Thursday, 14 April 2011

From "God's Own Country"......1

We landed at Trivandrum this morning, my favourite corner of Planet Earth. We were greeted by the festivities of electioneering, the peaking of Kerala's daily political life.

Trivandrum is where I was born and raised for many years, in different spells. Other than the temple of Lord Padmanabha I am not sure if Trivandrum is famous for anything else. That does not matter to me though. It still is, and will always be, my favourite place.

Whatever one might say about Trivandrum, or one might not, it is hard to imagine any other place as the political capital of the state of Kerala. I cannot tell you quite why, but there is something about it that makes you feel it is the location for the capital of God's Own Country. There is that smell about it, when you walk by the Secretariat or its relaxed looking rain washed streets, that you do not sense in Kottayam, Kollam or Kozhikode. You certainly do not get that sense in that upstart commercial capital of the state called Kochi. More about Kochi in another post, till my keypad screams for mercy!

Interestingly, not much of what happens in Trivandrum politically gets decided there. It all happens in two or three major epicentres of Kerala. There is Central Kerala where the Christians rule the roost. Then there is the North, popularly known as Malabar, where the Thangal and his Muslim League hold darbar, unchallenged. Woe betide anyone who tries to challenge their political writ. And there is the rest, which is mainly the rag-tag geography of Kerala, formerly known as Travancore.

Nearly all of that happens in Kerala is the result of the dynamic jostling that takes place between the powerlords of the North and Central Kerala.

Yet, neither of those regions has been able to establish that the road to Trivandrum passes through their own heartland. Unlike the folks in UP who seem to have successfully persuaded the rest of the nation that the road to Delhi passes through Lucknow. In that sense democracy in Kerala is far more real than democracy in India as a whole.

How could it be any other way in a state where every man, woman and child would like to lead and not follow? No part or region of the state would be allowed the kind of political hegemony that the states of UP and Bihar have usurped from the rest of the India.

We were greeted by the sounds of electioneering as the train sped through Kerala in the early hours of Monday morning. More electioneering and more window pane shattering noise followed, with stacks of loudspeakers mounted on the ubiquitous white Ambassador, as we reached our home. It was the last day of electioneering before the state went to the polls.
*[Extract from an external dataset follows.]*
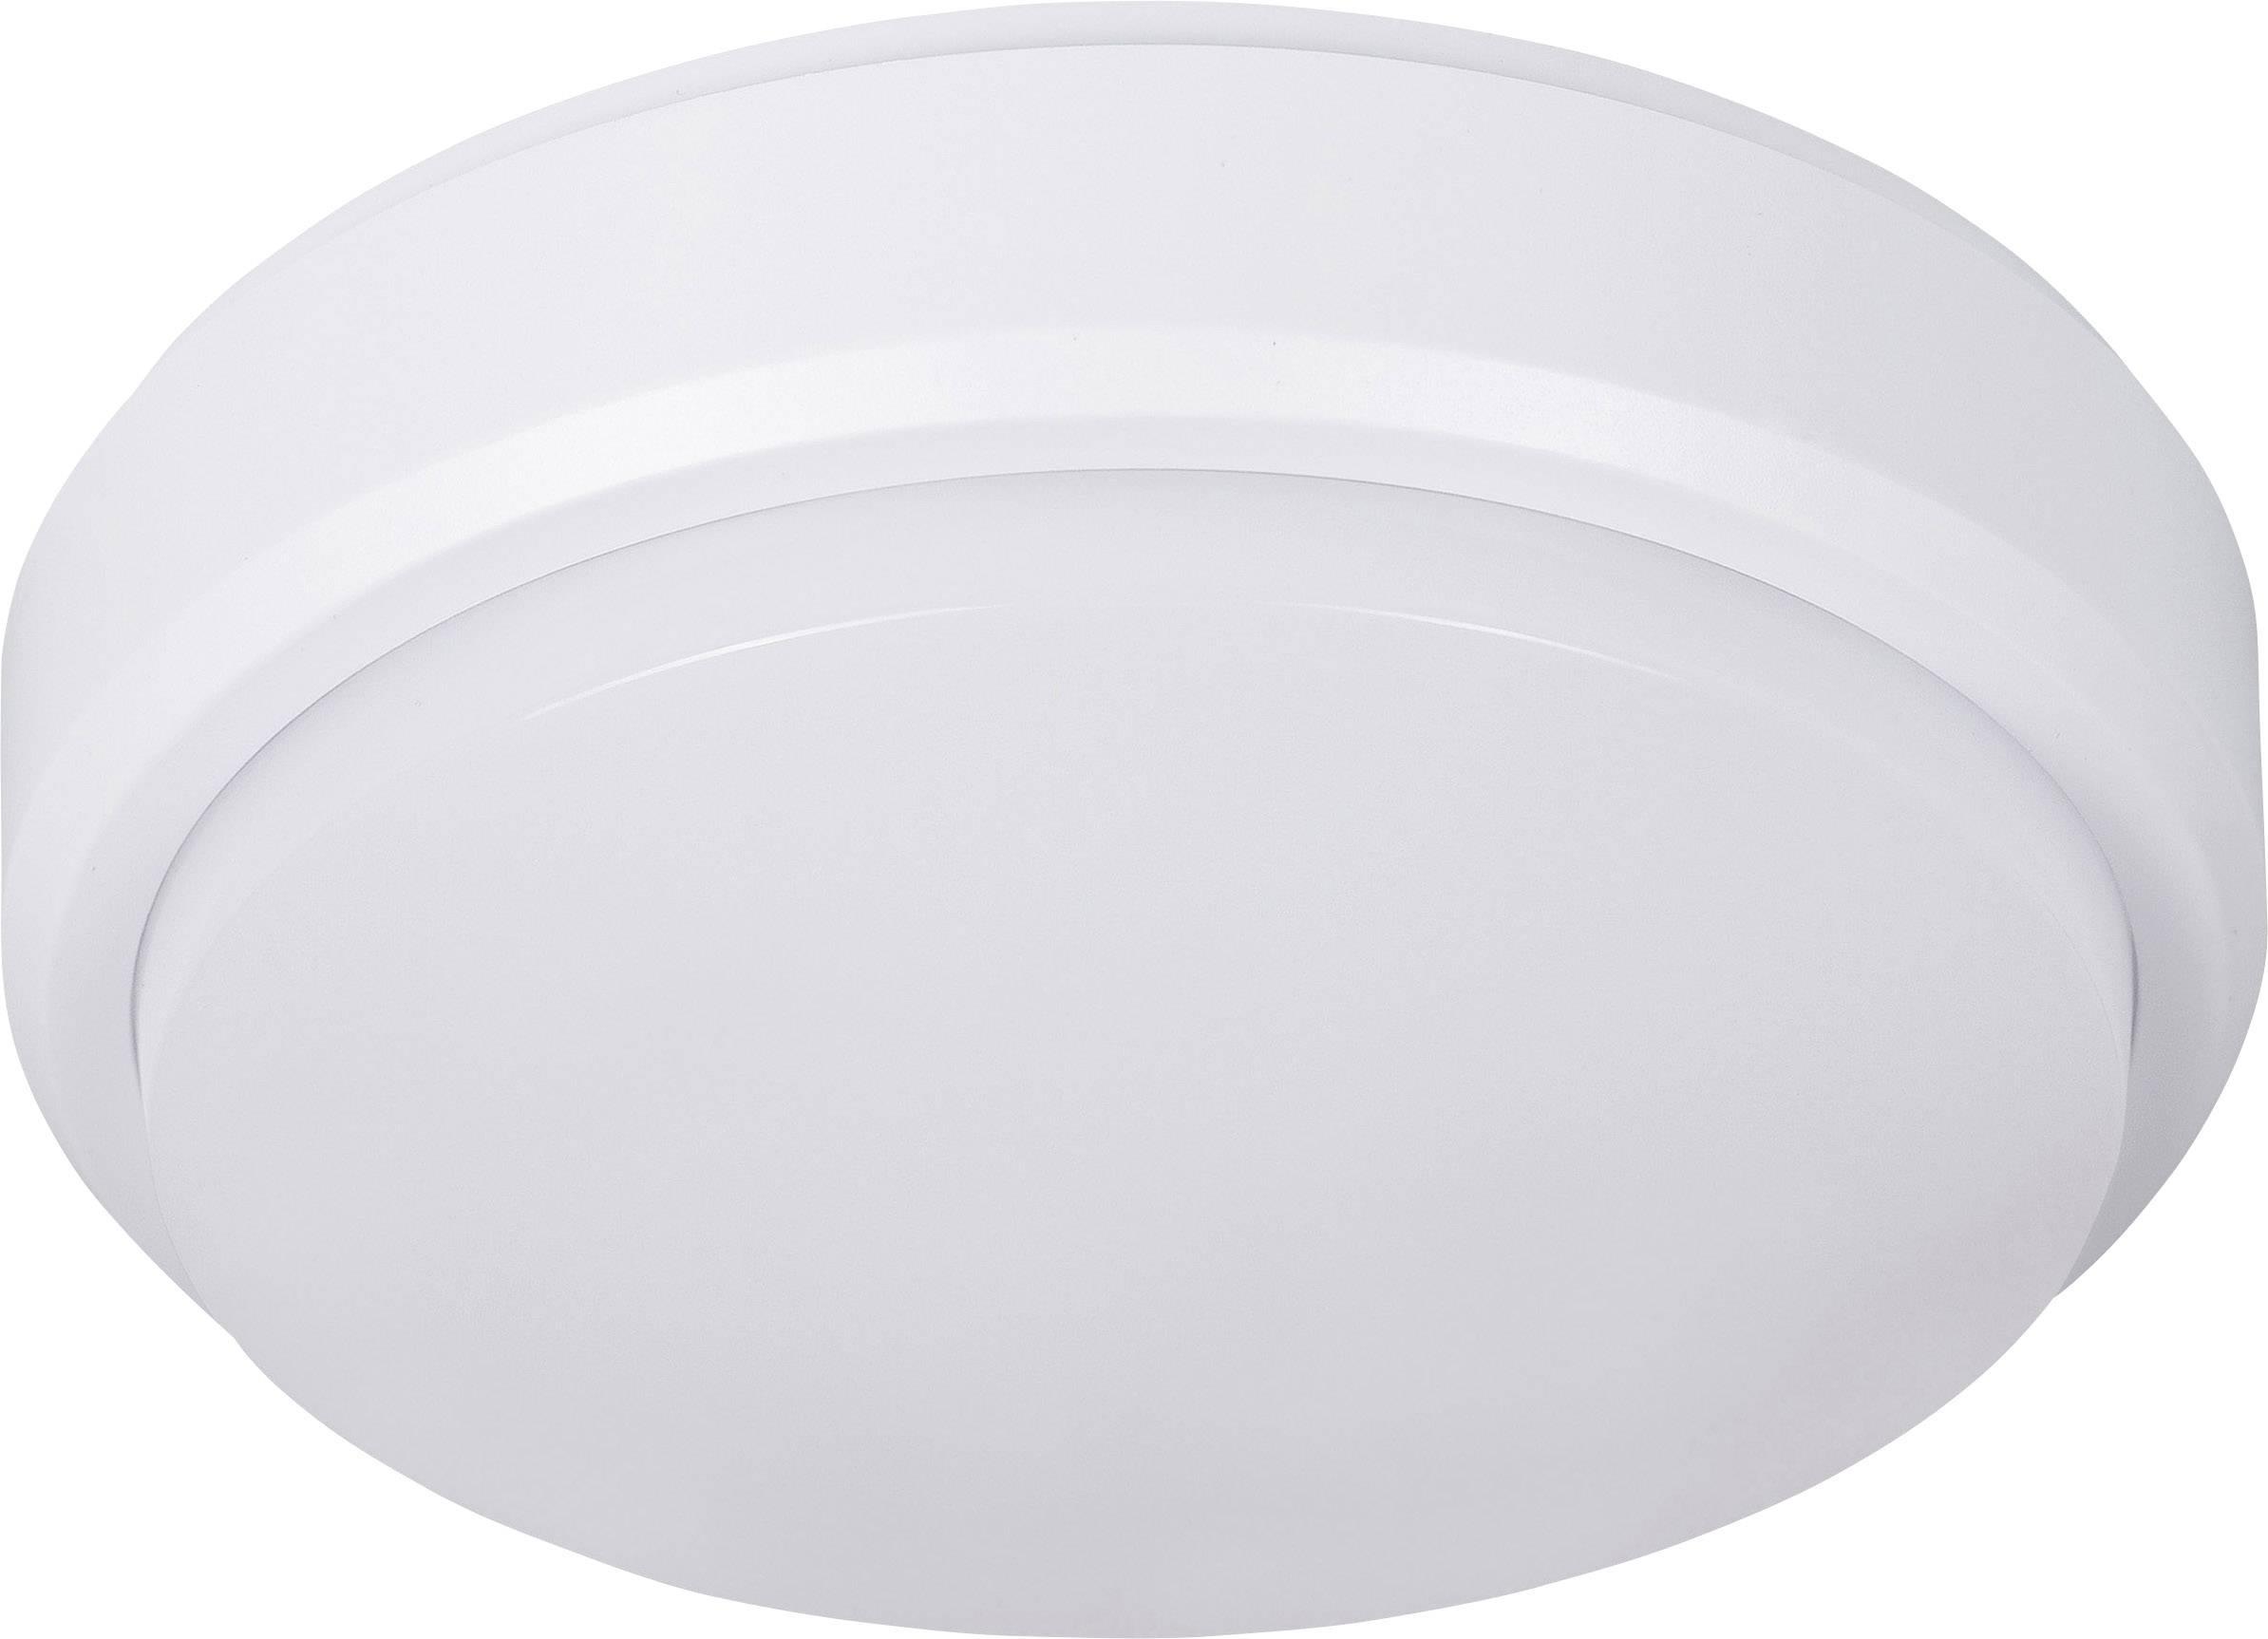 Pour Pièce Lampe Intégrée 8 Humide De Neutre Avec Blanc Détecteur Starlicht Led 20300538 Mouvements W rCxoWeQBdE
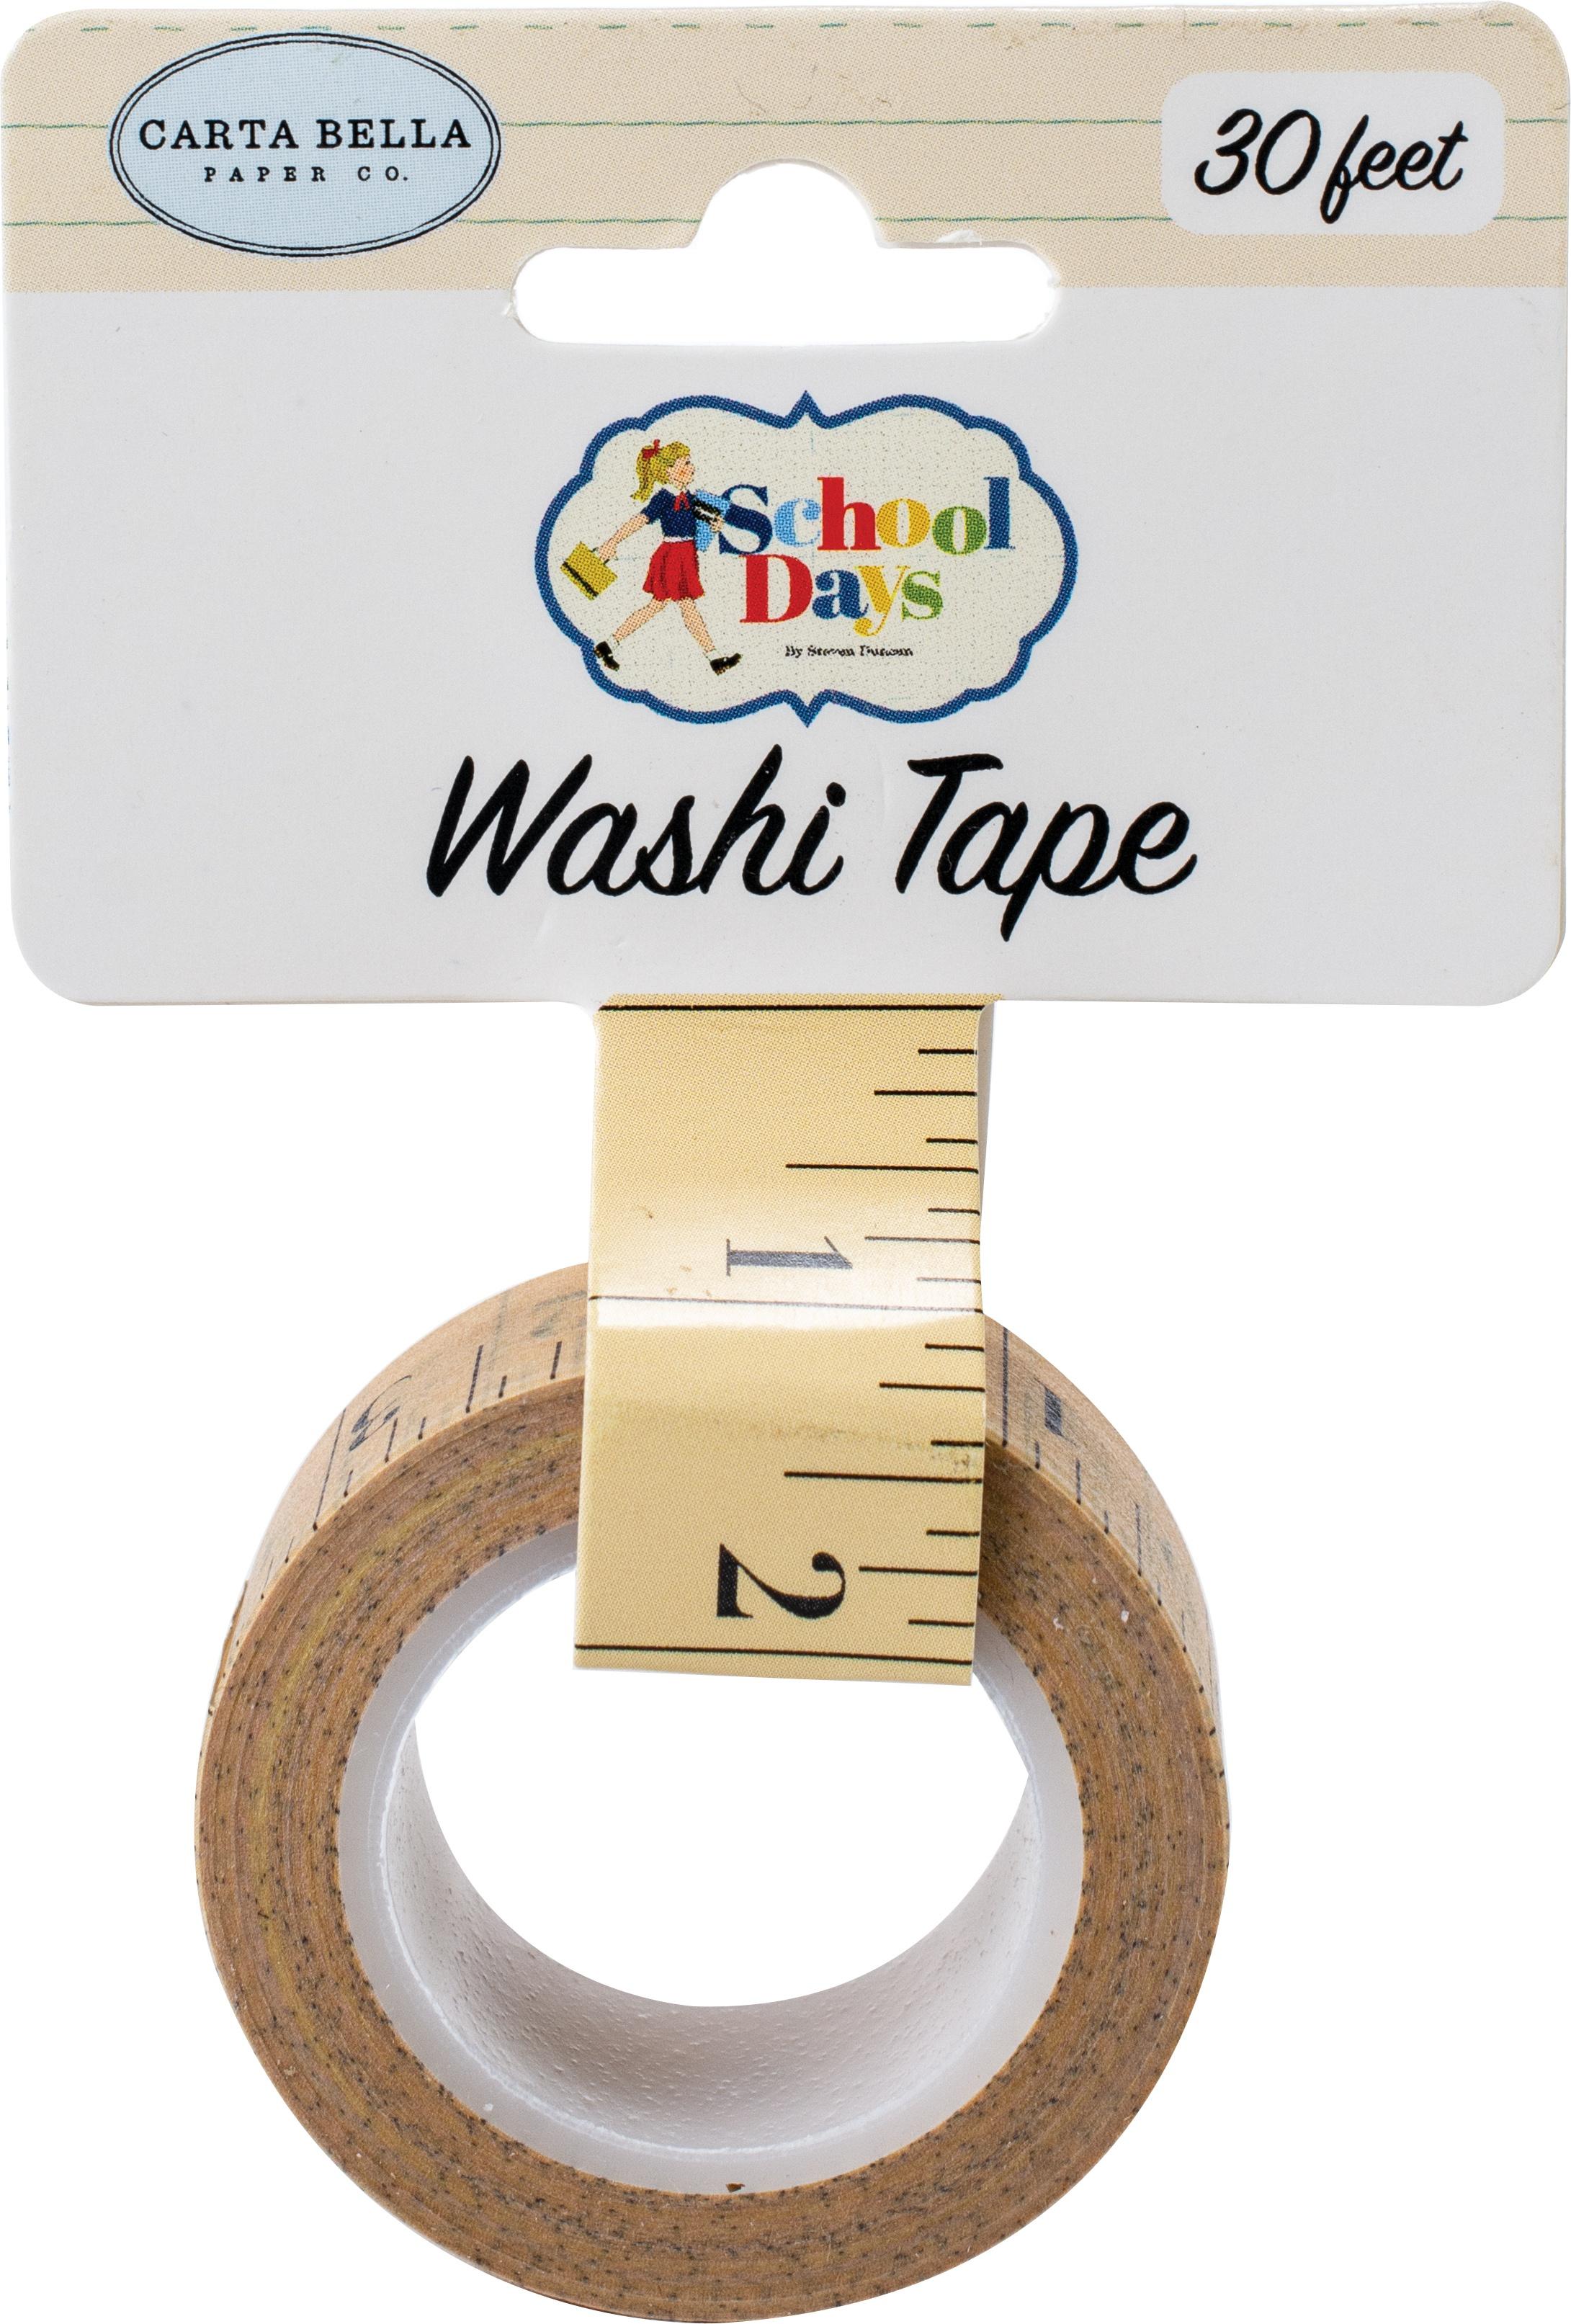 Carta Bella School Days Washi Tape 30'-Ruler

The day we landed was significant for another reason: On that day the incumbent political patriarch of Kerala labelled a prominent leader of the opposition an "Amul baby". When it comes to biliousness you got to hand it to the Mallus. Anyone other than a Mallu may have chosen any other expression that is more strident or less hard hitting, but definitely nowhere as memorable.

The Amul baby metaphor is more than just a political repartee. To put it in Marxian dialect, an Amul baby is is symbolic of a social class that is distinct and cut off from, if not inimical to, the toiling proletariat. Amul milk is what the wealthy mothers of Kerala have brought up her children on. The toiling mother's child suckles at its mother's breast, if it does not go hungry.

The use of the metaphor is yet another instance of how Marxism is alive and kicking in Kerala, whatever may its bill of political health look like elsewhere in the world. Well, Marxian rhetoric surely is, even if one were to be a little skeptical about the health of Marxian thought or philosophy, given the schism within the party cadres.

So, on this momentous day, when my sons asked me their first questions about elections and politics I could not help start the 101. I could not think of a more auspicious place or time. In Hindu tradition place and time make all the difference between failure and success.

With prayer on my lips that I might be sowing the seeds of political awakening in their tender minds and that they might keep alive the Mallu legacy of being politically aware, if not active, I started on how elections work and finally give some people the right to rule over the others; in other words just tell them what to do - the essence of political power struggle.

Hopefully, I said to myself, before long my sons will realise the interchangeability of money and political power in India, well before they learn about the interconvertibility of mass and energy.

The elder of my twins tried to relate it to his world of cars and races and asked me: So that is like a race and someone wins, right? The younger one had a glimmer in his eye. He asked me with his signature shy smile: So if I win an election I can ask you and Amma and Vinayakan to do whatever I want?

I was happy to see the making of a 21st century Indian political leader. Amen.